** EXCERPTED RECORDS follows **

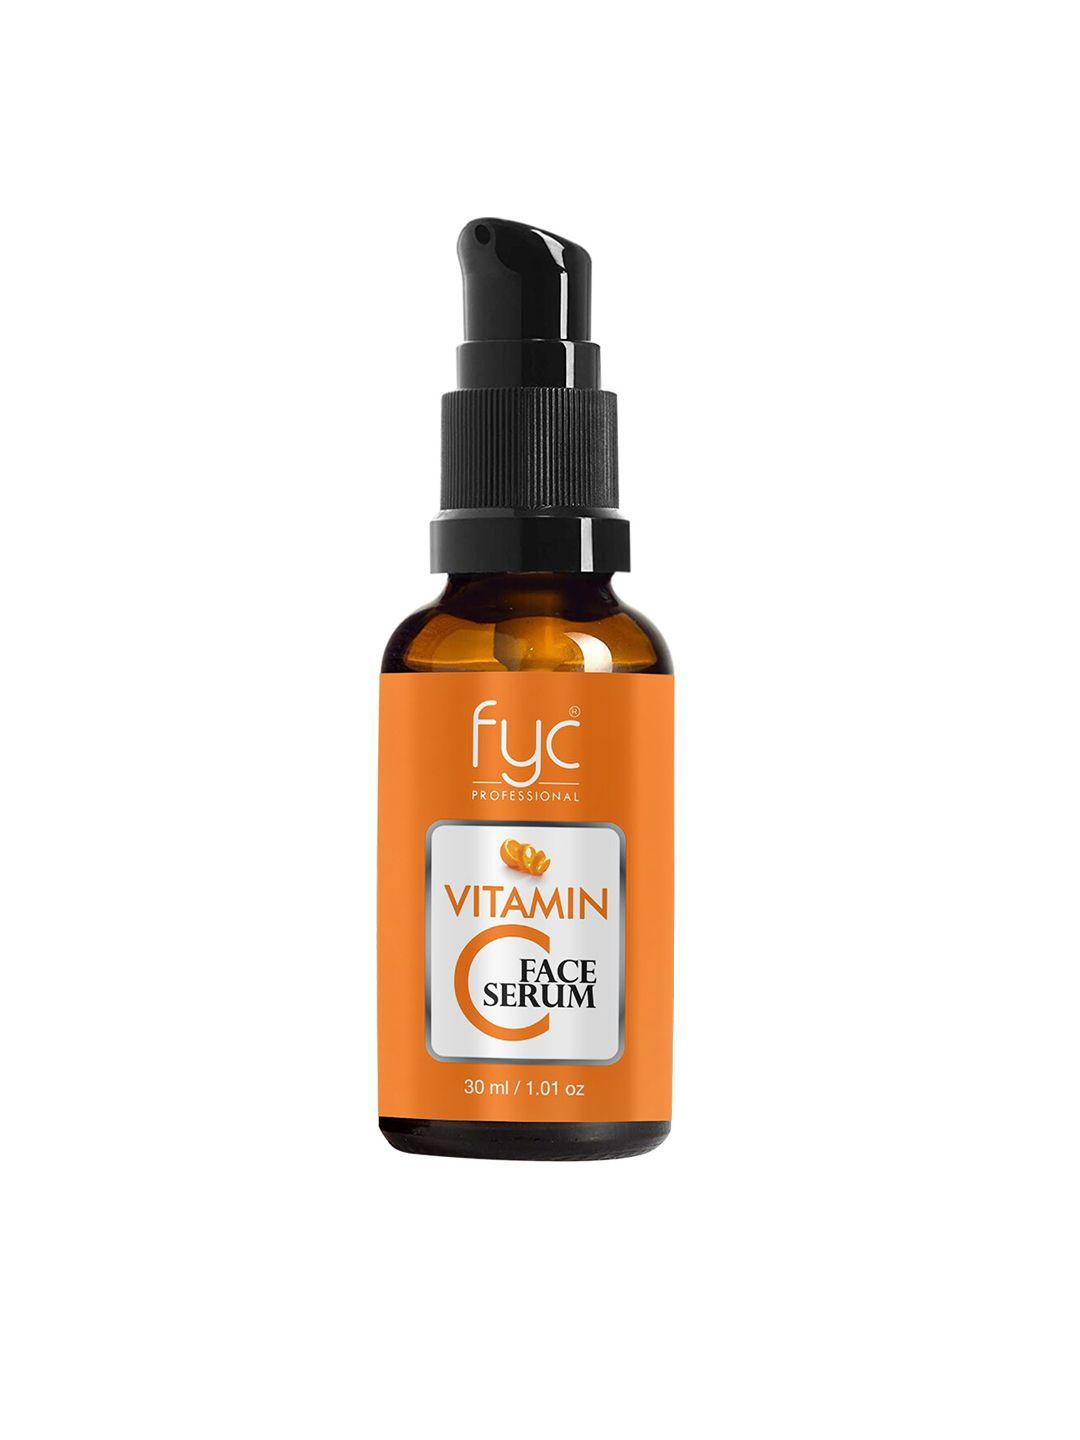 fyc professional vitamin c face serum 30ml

** End of EXCERPTED RECORDS **
** EXCERPTED RECORDS follows **

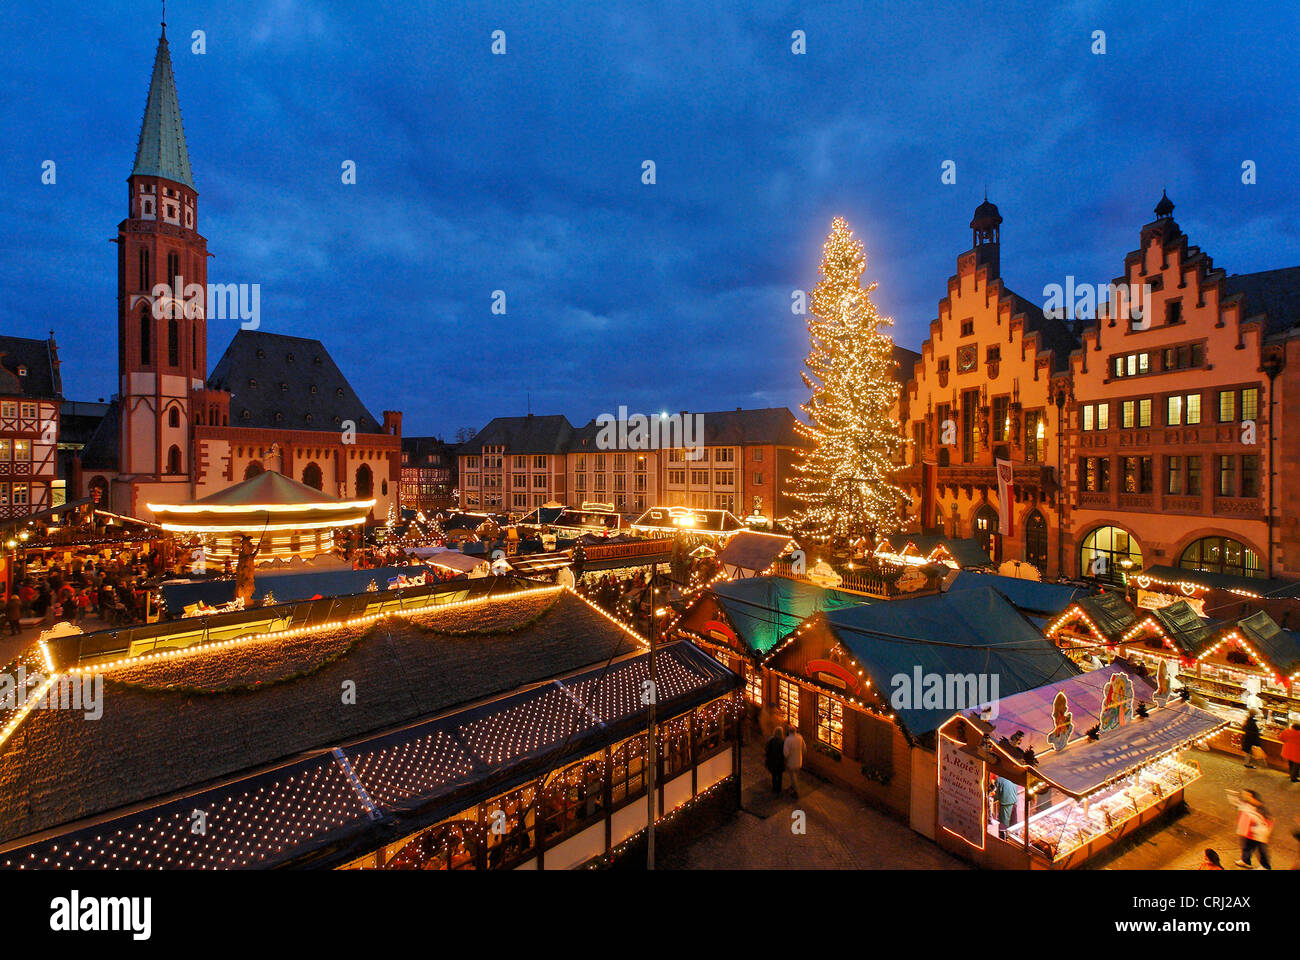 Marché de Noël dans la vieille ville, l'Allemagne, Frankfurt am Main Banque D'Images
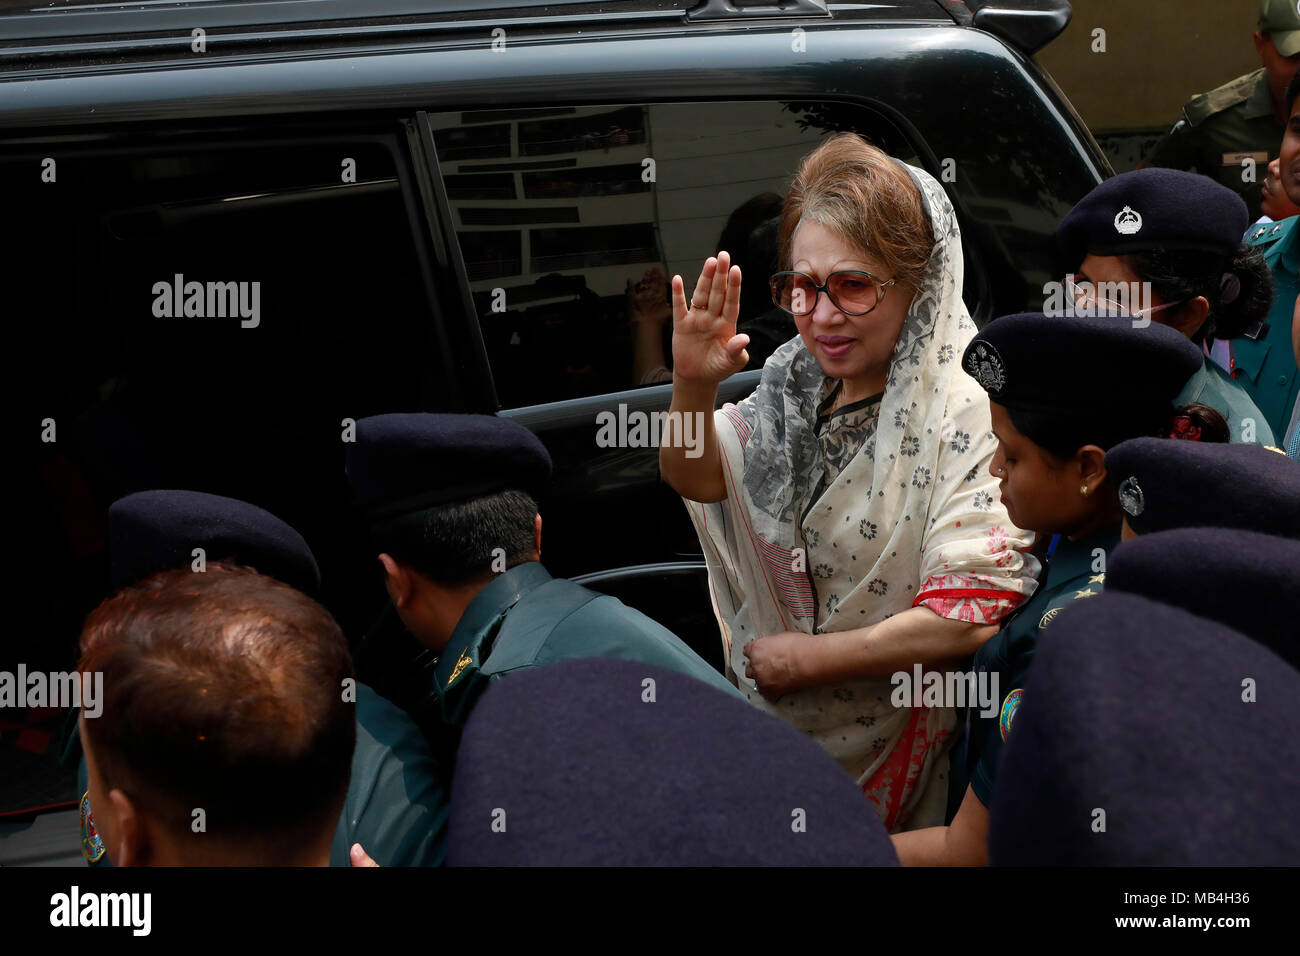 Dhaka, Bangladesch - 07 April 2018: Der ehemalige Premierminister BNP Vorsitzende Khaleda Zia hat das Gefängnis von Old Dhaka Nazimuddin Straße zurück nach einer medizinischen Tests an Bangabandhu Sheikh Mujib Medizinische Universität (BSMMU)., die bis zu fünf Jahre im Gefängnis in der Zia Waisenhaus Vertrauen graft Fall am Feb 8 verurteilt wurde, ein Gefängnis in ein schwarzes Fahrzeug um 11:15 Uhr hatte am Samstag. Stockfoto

** End of EXCERPTED RECORDS **
** EXCERPTED RECORDS follows **

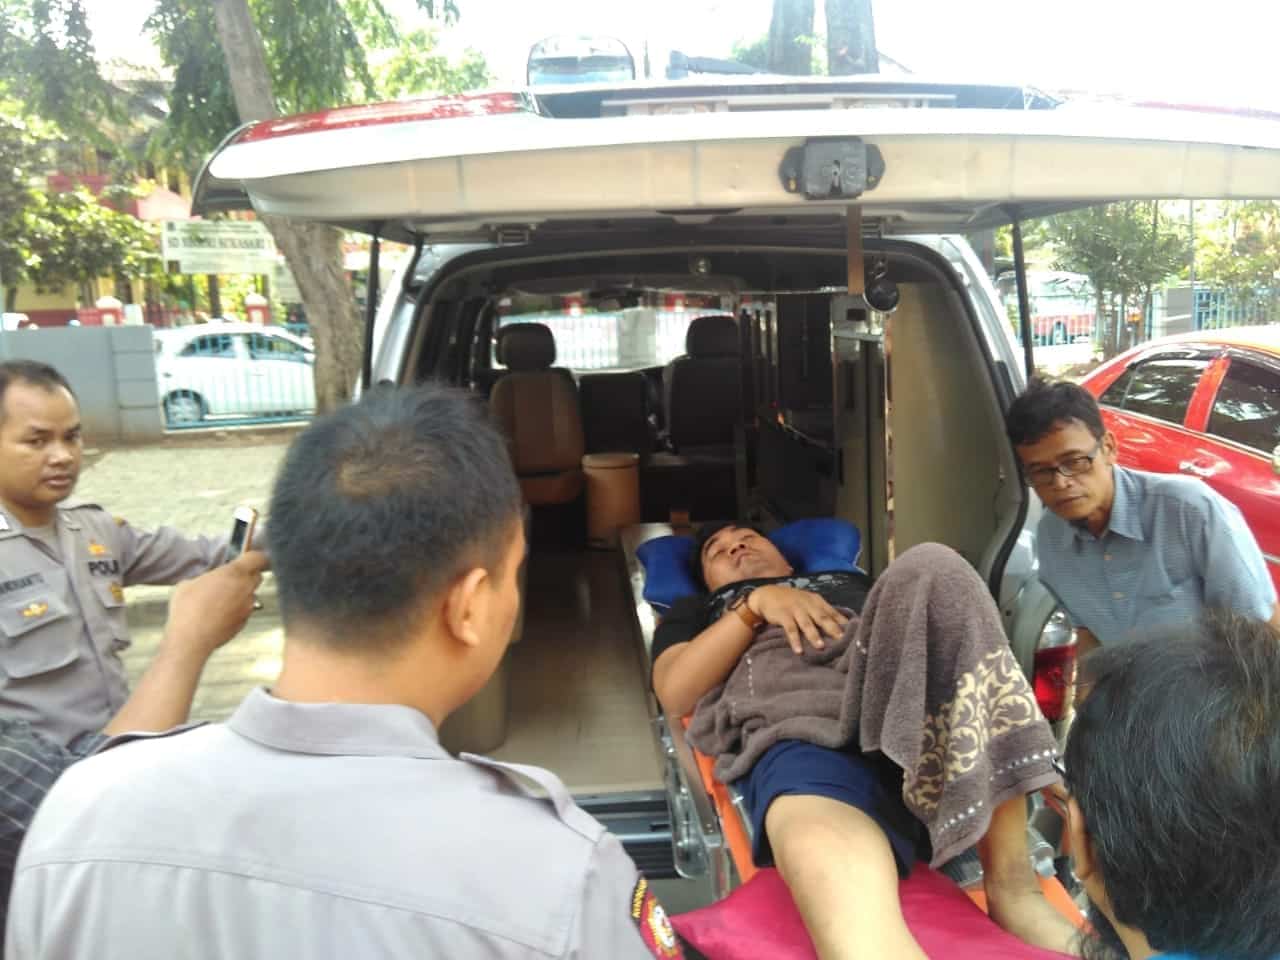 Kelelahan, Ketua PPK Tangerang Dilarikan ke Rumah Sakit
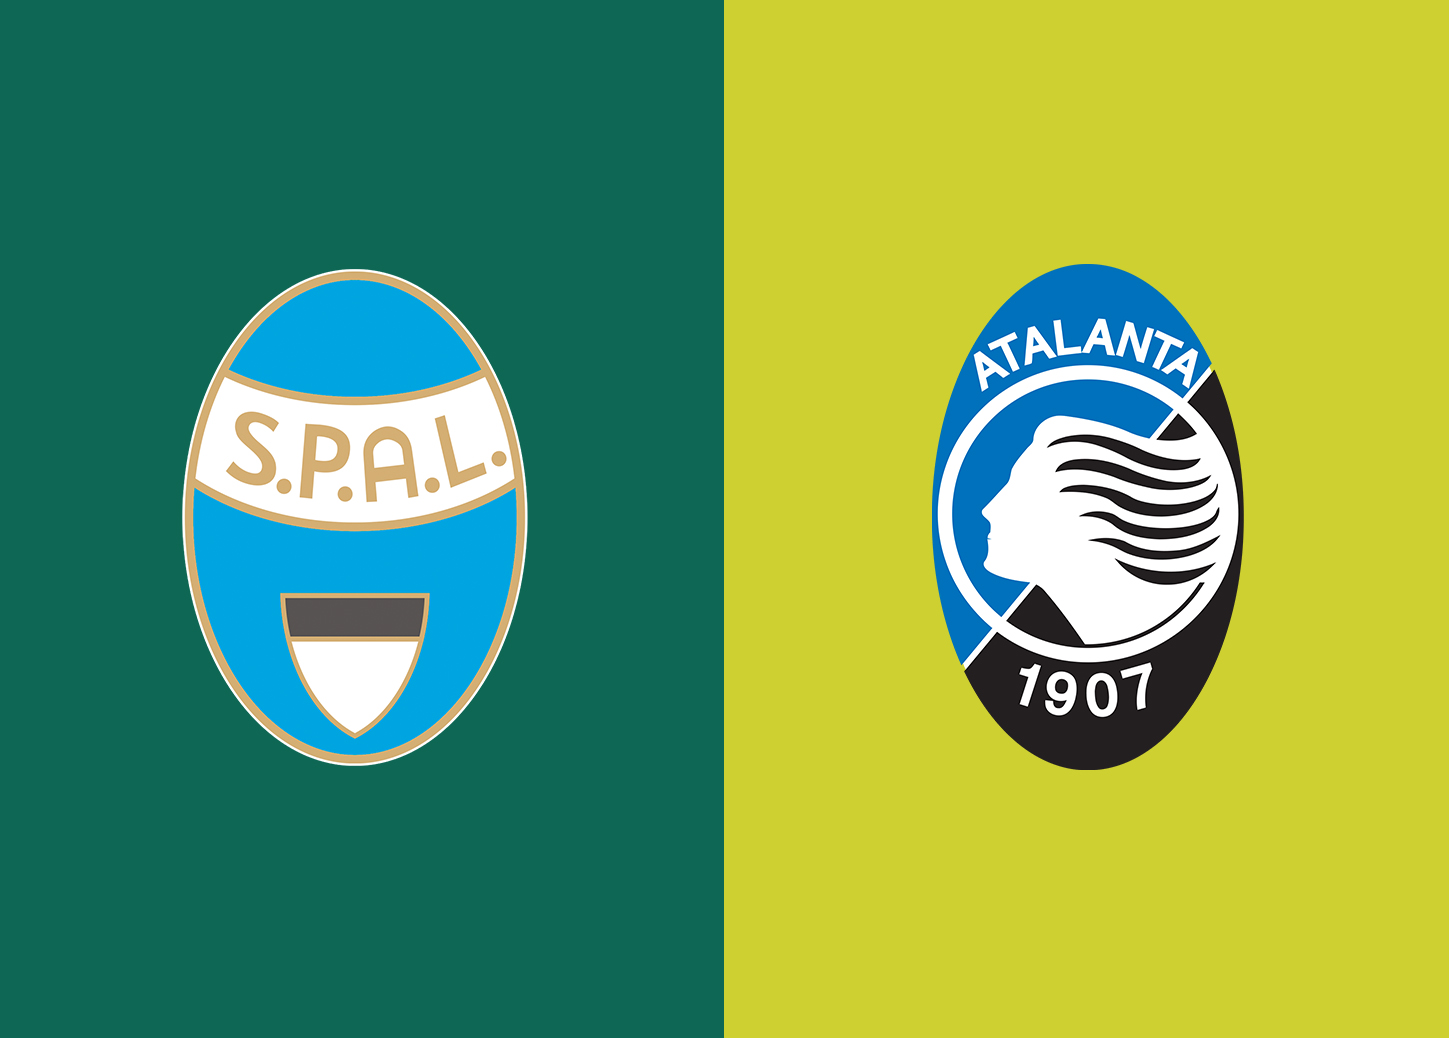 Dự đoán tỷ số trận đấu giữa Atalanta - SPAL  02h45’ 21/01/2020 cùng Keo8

** End of EXCERPTED RECORDS **

• WHAT YOU NEED TO DO
Each line above that falls between the line with "Marché de Noël" and the line with "Dhaka, Bangladesch - 07" should be printed exactly, together with those two lines, but the pictures should not.

• TASK OUTPUT
 Marché de Noël dans la vieille ville, l'Allemagne, Frankfurt am Main Banque D'Images
 Dhaka, Bangladesch - 07 April 2018: Der ehemalige Premierminister BNP Vorsitzende Khaleda Zia hat das Gefängnis von Old Dhaka Nazimuddin Straße zurück nach einer medizinischen Tests an Bangabandhu Sheikh Mujib Medizinische Universität (BSMMU)., die bis zu fünf Jahre im Gefängnis in der Zia Waisenhaus Vertrauen graft Fall am Feb 8 verurteilt wurde, ein Gefängnis in ein schwarzes Fahrzeug um 11:15 Uhr hatte am Samstag. Stockfoto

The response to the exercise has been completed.